# Help with identity kanji!



## Nathan Ford (May 27, 2021)

Hello, I picked a 190mm gyuto up few months ago without knowing these kanji;
Can someone help me with?
Any help would be appreciated!


----------



## Qapla' (May 27, 2021)

"Made by Moritsugu".


----------



## Nathan Ford (May 27, 2021)

Thank you!


Qapla' said:


> "Made by Moritsugu".


Do you know anything about "Moritsugu"? A brand or a maker?


----------



## Qapla' (May 27, 2021)

Nathan Ford said:


> Thank you!
> Do you know anything about "Moritsugu"? A brand or a maker?


Nope, I've never heard the name before.


----------



## Nathan Ford (May 27, 2021)

Yeah, I've tried Google but no luck


----------



## KenHash (May 28, 2021)

I think Moritsgu is a brand name out of Sanjo.


----------



## Nathan Ford (May 28, 2021)

KenHash said:


> I think Moritsgu is a brand name out of Sanjo.

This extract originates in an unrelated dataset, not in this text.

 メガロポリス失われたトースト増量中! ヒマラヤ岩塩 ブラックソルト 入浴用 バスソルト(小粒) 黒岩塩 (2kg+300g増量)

Do you have more information? All I know about Sanjo is a city??


----------



## KenHash (May 28, 2021)

I have no more information. The Moritsugu knives below were posted on the net 4 years ago as bought from a small shop which has no website in Sanjo. I don't see anything else about this brand.


----------



## Nathan Ford (May 28, 2021)

KenHash said:


> I have no more information. The Moritsugu knives below were posted on the net 4 years ago as bought from a small shop which has no website in Sanjo. I don't see anything else about this brand.
> View attachment 129041


Thanks! They seems to be similar. Pictures below are mine. Do you think it worth $180?? Am I silly?


----------



## KenHash (May 28, 2021)

You asked what the Kanji says. I have no idea what the knife is worth. What did you pay for it a few months ago?


----------



## Nathan Ford (May 28, 2021)

KenHash said:


> You asked what the Kanji says. I have no idea what the knife is worth.

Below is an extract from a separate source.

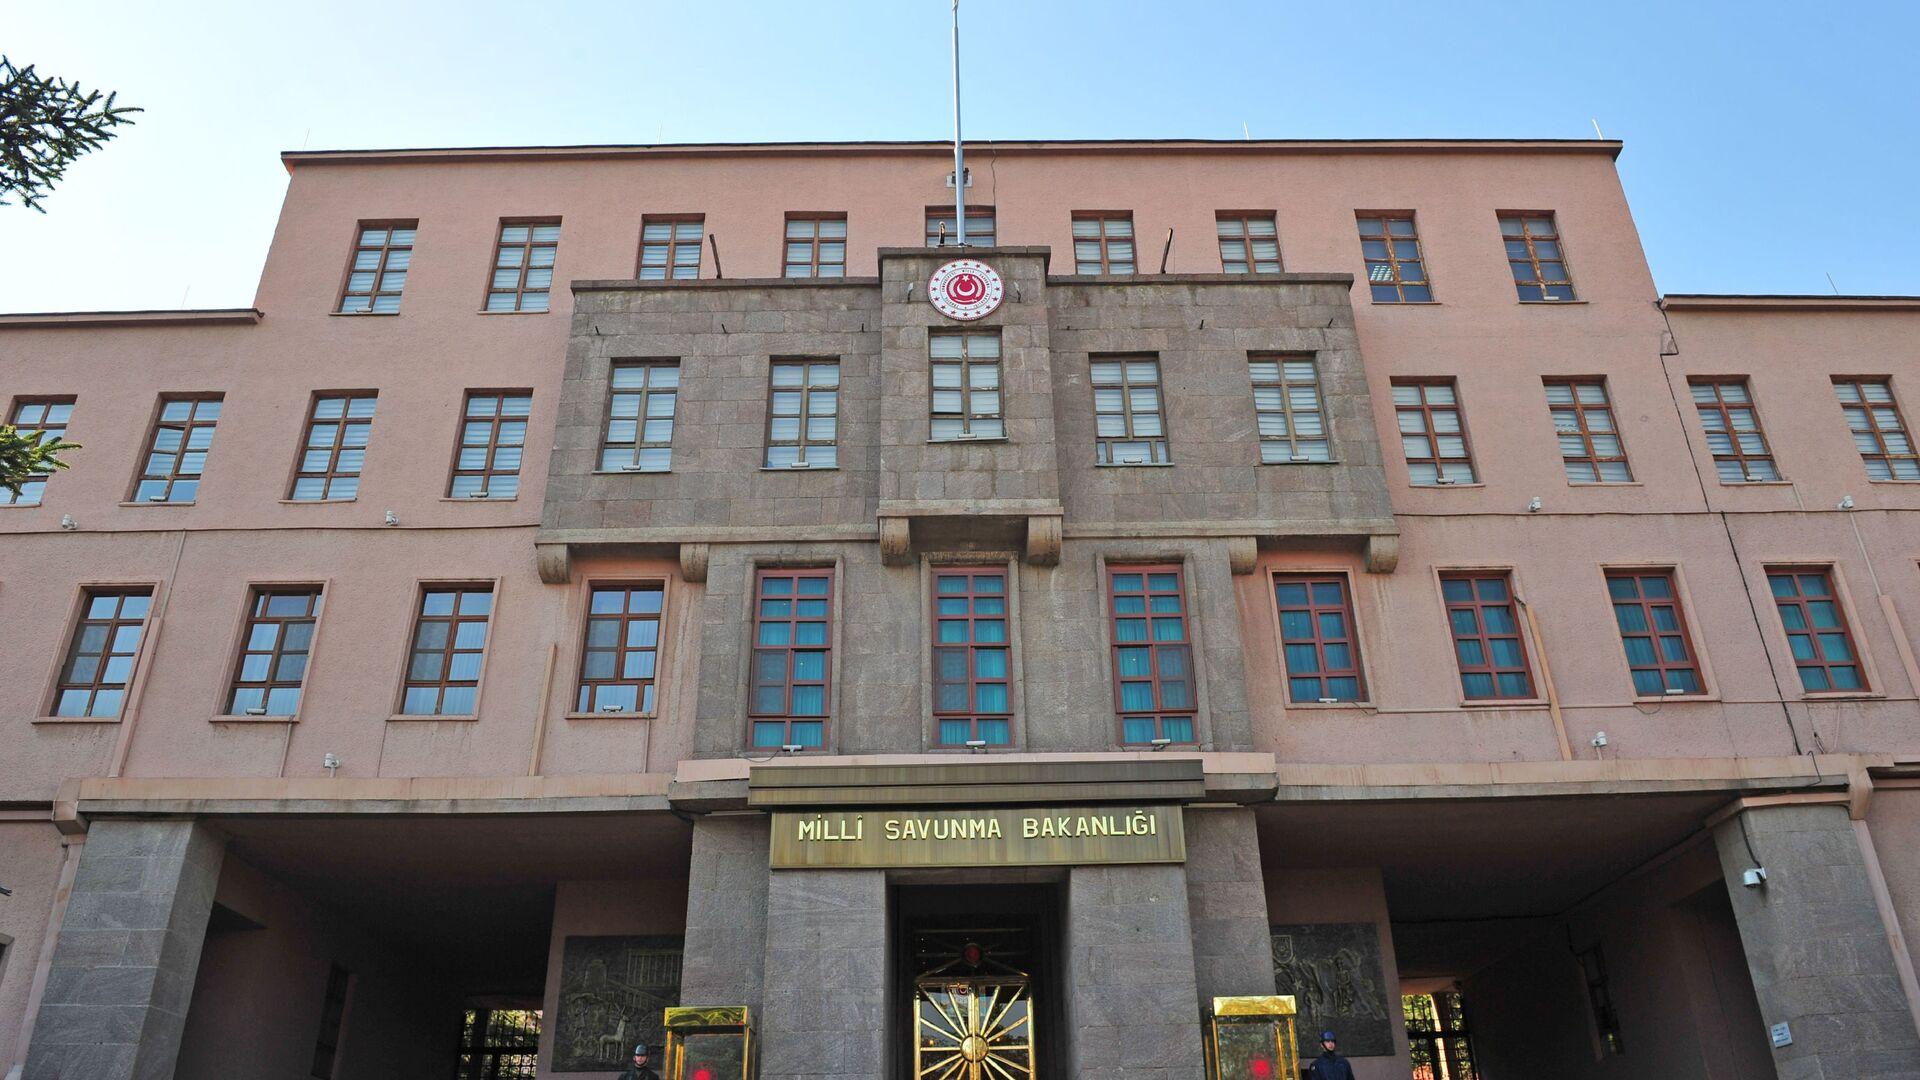 Milli Savunma Bakanlığı (MSB) - Sputnik Türkiye, 1920, 14.04.2021

Yeah, you right. Well, that thought suddenly comes to my mind. Backthen, I paid $180 with a believe that the handle look luxurious


----------



## KenHash (May 28, 2021)

The knife does look very good, the bolster and handle are very nice.
Do you have any idea about the steel? Anything written on the blade?


----------



## Nathan Ford (May 28, 2021)

KenHash said:


> The knife does look very good, the bolster and handle are very nice.
> Do you have any idea about the steel? Anything written on the blade?

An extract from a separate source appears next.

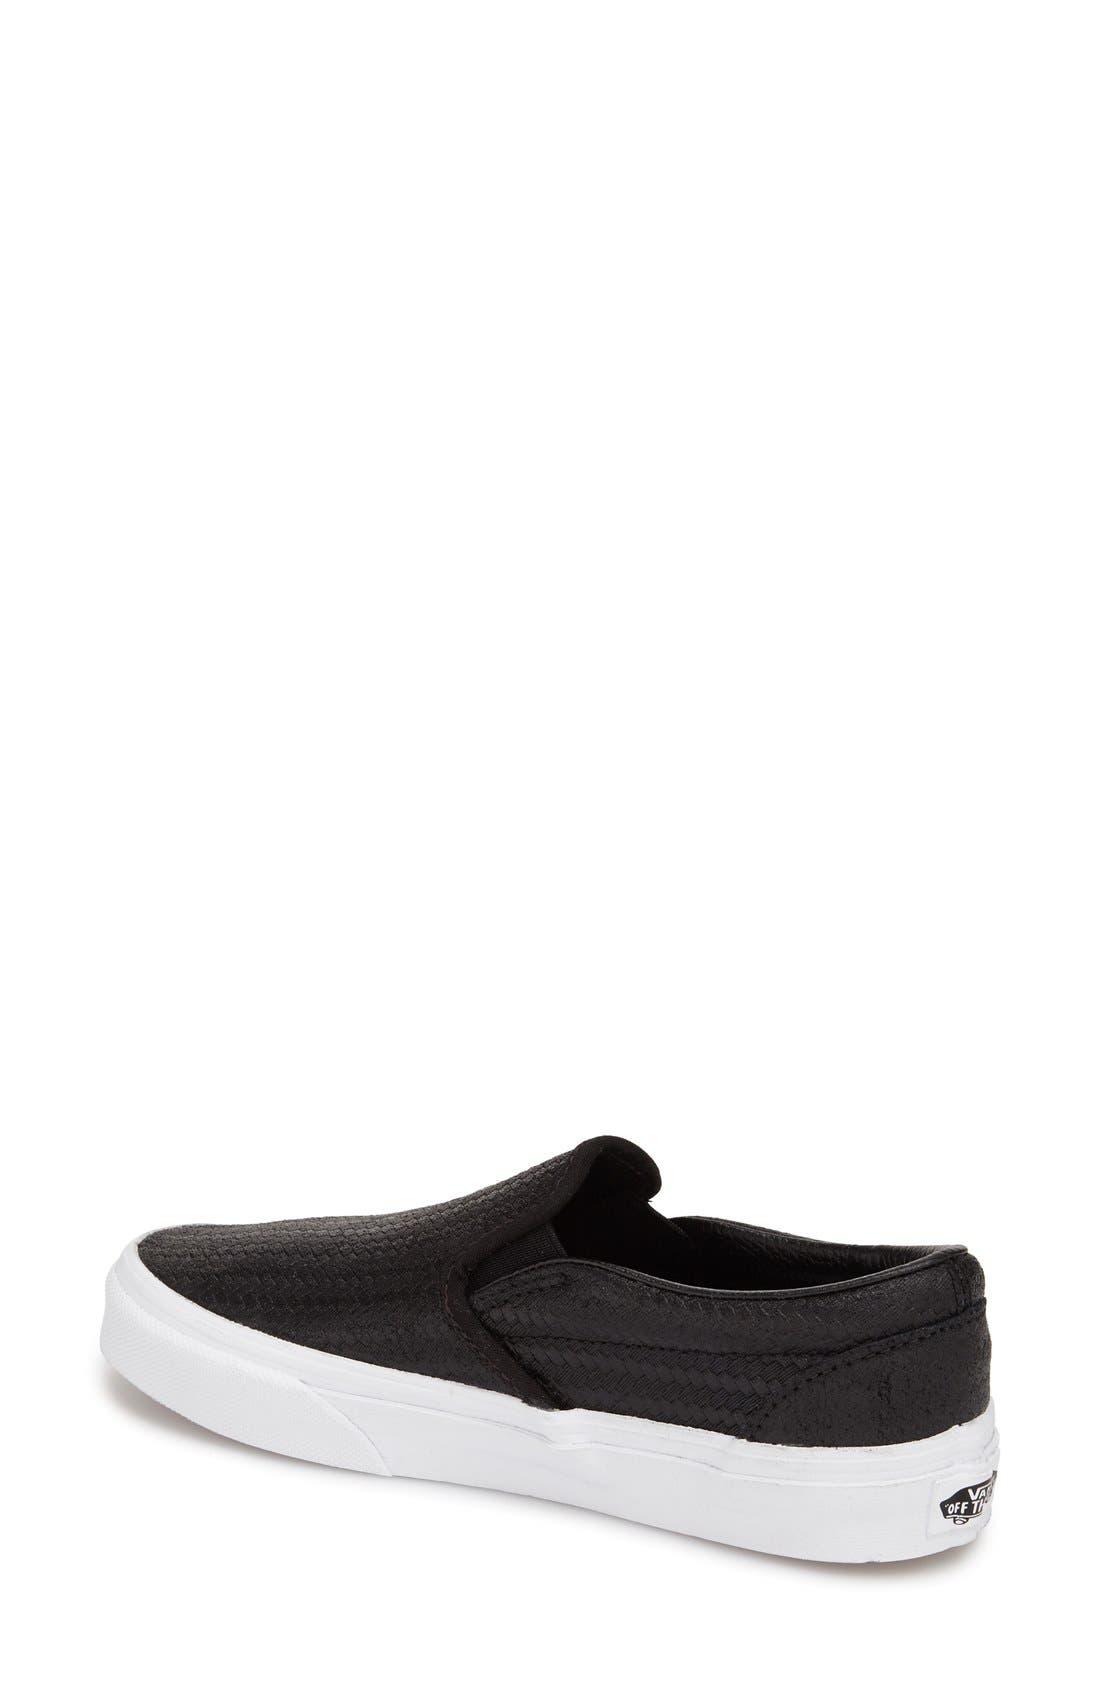 ,                             Classic Slip-On Sneaker,                             Alternate thumbnail 238, color,                             001

The owner have no idea about the steel. There's very light rust in the blade, so might be soft iron clad/carbon steel? And, as you can see,There's nothing on the left side.


----------



## KenHash (May 28, 2021)

Ok. Guess you can only hope that someone here who knows/has that knife will chime in.


----------



## Nathan Ford (May 28, 2021)

KenHash said:


> Ok. Guess you can only hope that someone here who knows/has that knife will chime in.


Yeah, thanks you anyway!


----------